- I chatbot hanno visto un’impennata di popolarità grazie al basso costo, alla disponibilità 24/7 e alla scalabilità, trasformando le interazioni con clienti e dipendenti in tutto il mondo.
- Il mercato globale dei chatbot dovrebbe raggiungere i 27,3 miliardi di dollari entro il 2030, passando da 396,2 milioni nel 2019 a 1,95 miliardi nel 2027 e 6,3 miliardi nel 2023.
I chatbot stanno conquistando i nostri negozi, luoghi di lavoro e istituzioni. Magari non in modo fantascientifico, ma sicuramente in termini numerici.
I chatbot sono diventati estremamente popolari negli ultimi anni grazie ai costi ridotti, alla disponibilità 24/7 e alla scalabilità. Come mostrano le statistiche, le organizzazioni investono sempre di più in chatbot AI e i consumatori sono sempre più interessati ai loro vantaggi.
Se cerchi una panoramica rapida sulla posizione attuale dei chatbot nel mercato, sei nel posto giusto. Ecco una raccolta delle statistiche più rilevanti sui chatbot.
Utilizzo e adozione dei chatbot
- L'81% dei consumatori ha utilizzato un chatbot di assistenza clienti negli ultimi 30 giorni (Botpress)
- Il 65% dei consumatori interagisce con chatbot di assistenza clienti almeno una volta al mese (Botpress)
- Il 64% degli utenti di chatbot ha tra i 26 e i 45 anni: questa fascia lavorativa guida la maggior parte dell'utilizzo (Botpress)
- Il 16% dei consumatori ha interagito con un chatbot nelle ultime 48 ore e il 34% nell'ultima settimana (Botpress)
- Il 66% degli utenti GenAI utilizza la tecnologia almeno settimanalmente — per molti è ormai parte della routine quotidiana (BCG)
- Il 70% dei millennial e il 67% della Gen Z valuta le proprie esperienze con i chatbot come eccellenti, molto buone o buone (Deloitte)
Cosa vogliono i consumatori dai chatbot
- Il 98% dei consumatori considera importante o molto importante la possibilità di trasferirsi a un operatore umano — la funzionalità più apprezzata dei chatbot (Botpress)
- Il 90% dei consumatori preferisce sapere subito quando sta parlando con un bot (Botpress)
- Il 67% dei consumatori considera l'accuratezza delle informazioni la qualità più importante di un chatbot, superando la rapidità delle risposte con un rapporto di 5,6 a 1 (Botpress)

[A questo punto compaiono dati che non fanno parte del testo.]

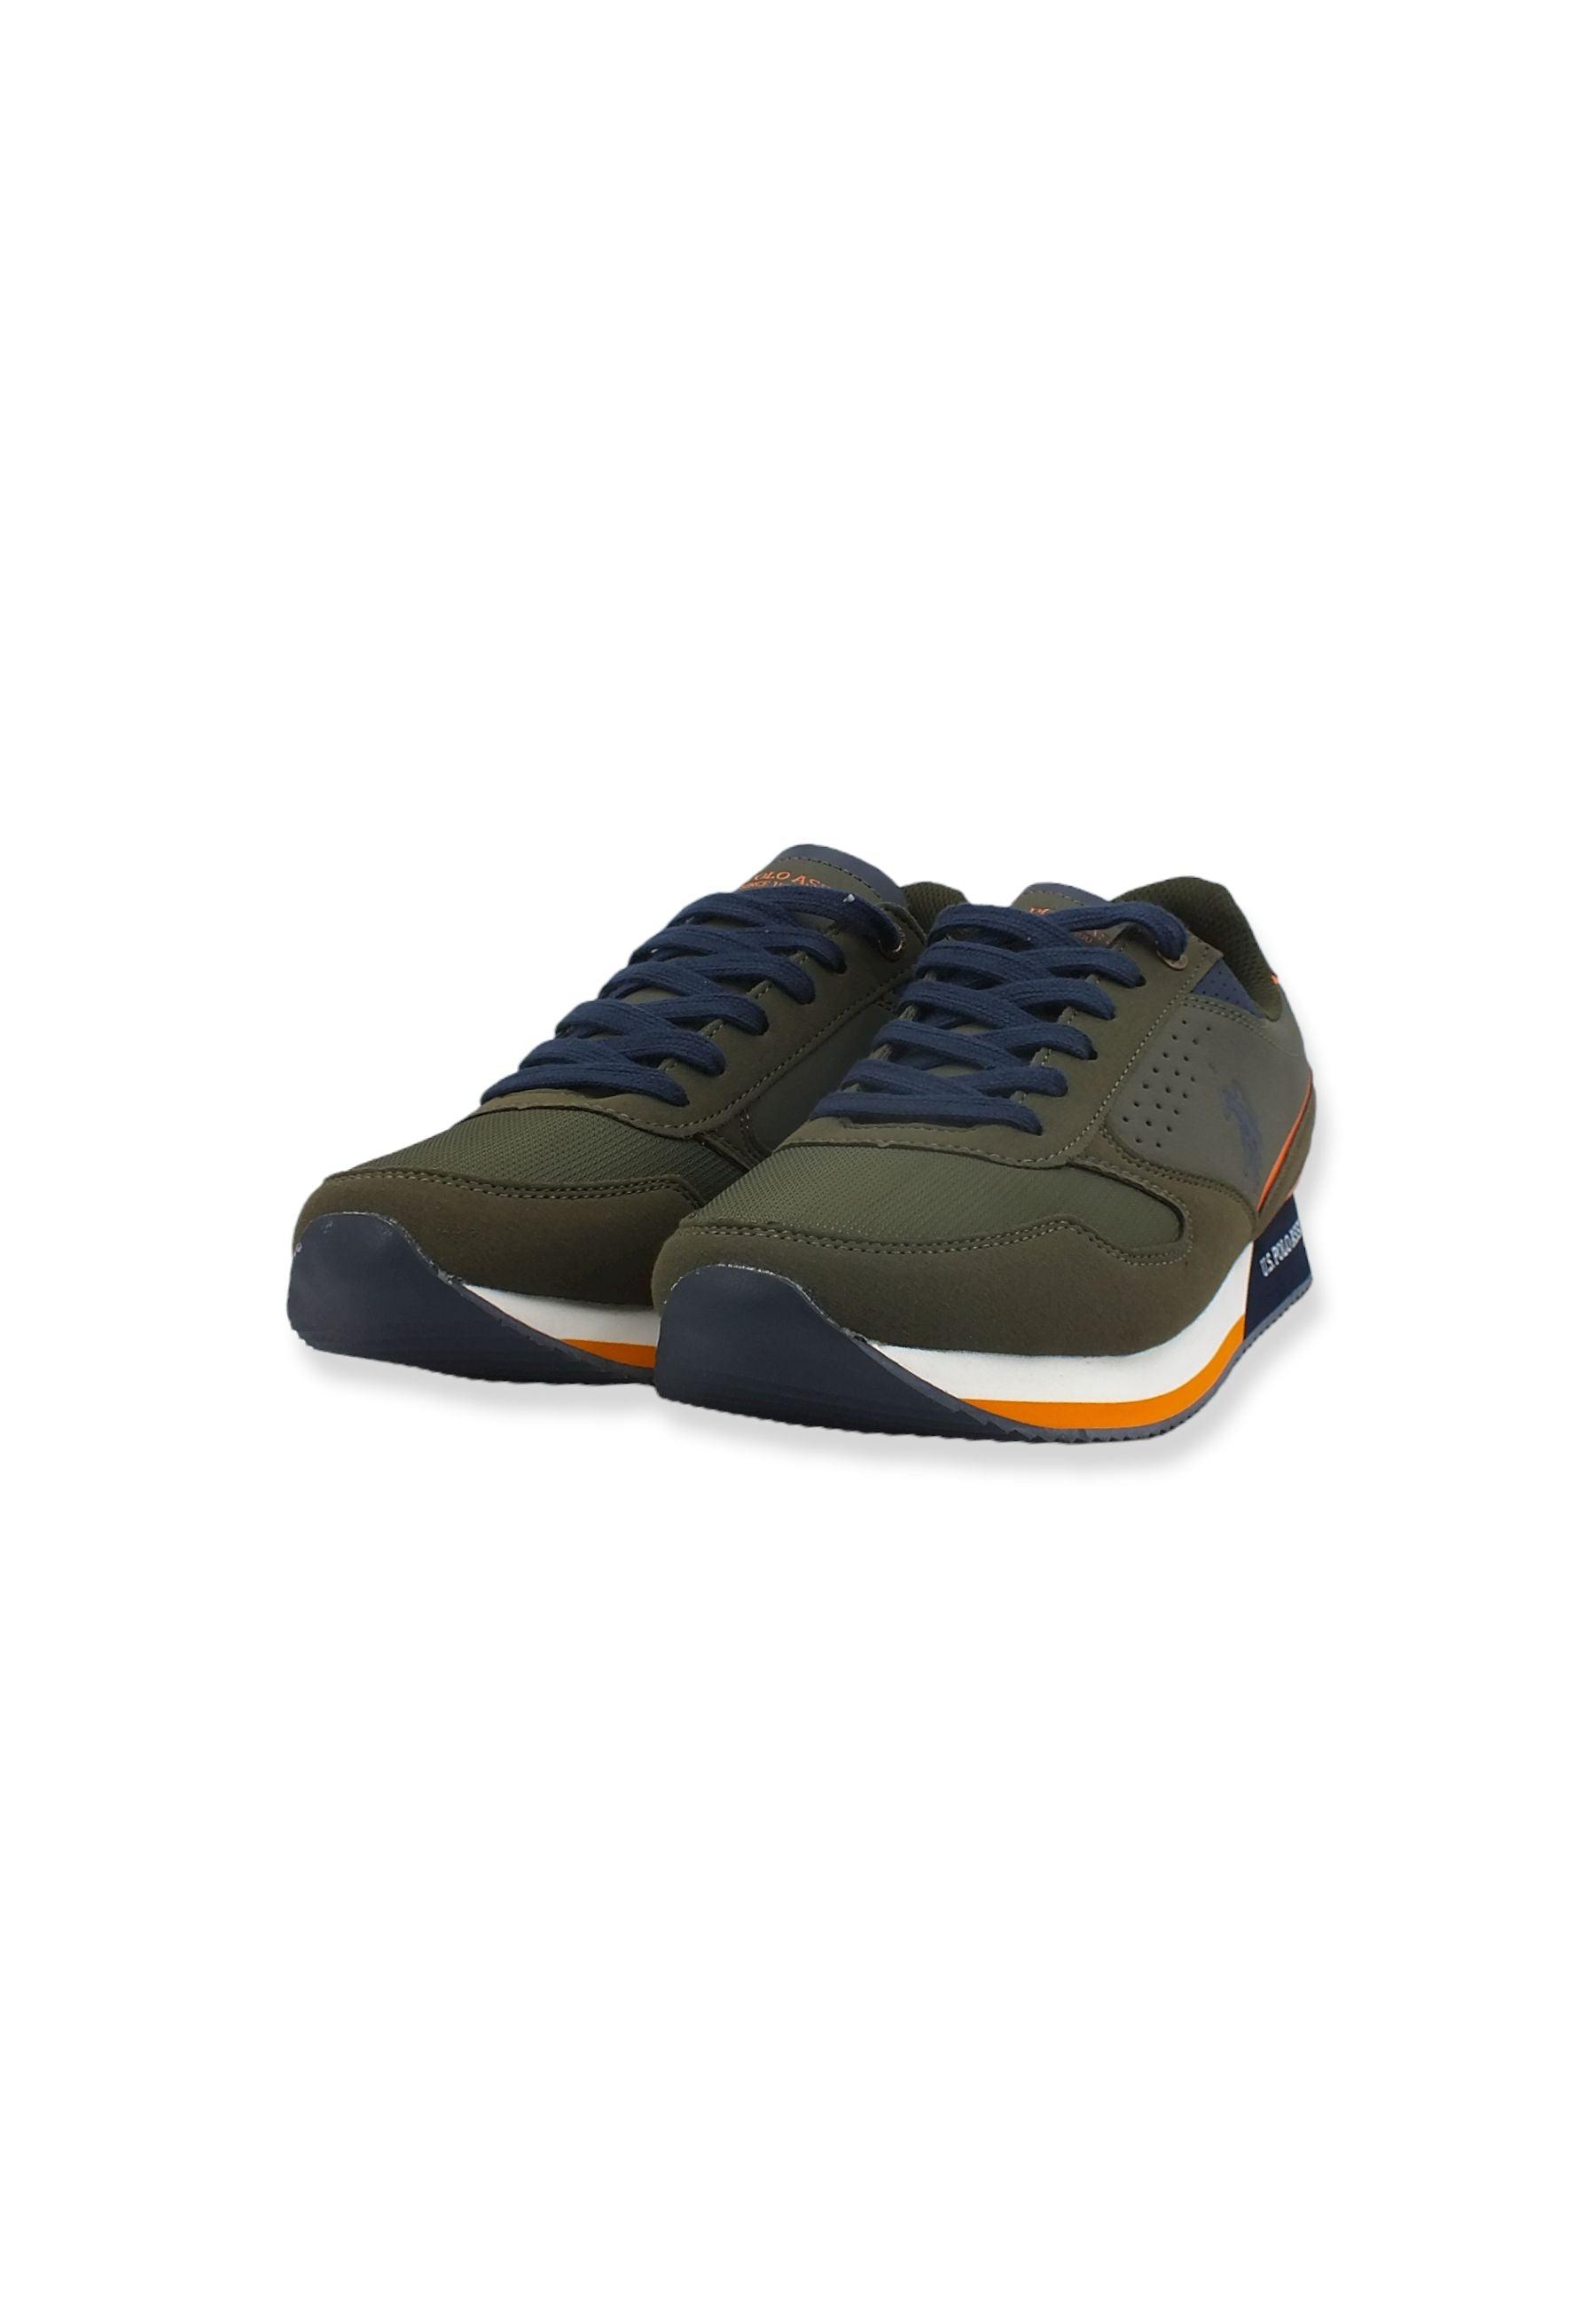 U.S. POLO ASSN. Sneaker Running Uomo Military Green NOBIL003B - Sandrini Calzature e Abbigliamento

- Il 71% dei consumatori ritiene che la qualità dei chatbot sia migliorata negli ultimi 1–2 anni (Capgemini Research Institute)
- Il 65% dei consumatori ritiene che i chatbot siano diventati più affidabili e precisi nel fornire soluzioni (Capgemini Research Institute)
- Il 64% dei consumatori apprezza la possibilità di interrompere un chatbot durante la risposta (Botpress)
- Il 64% dei consumatori valuta la memoria del chatbot (ricordare le interazioni precedenti) almeno 7 su 10 in termini di importanza (Botpress)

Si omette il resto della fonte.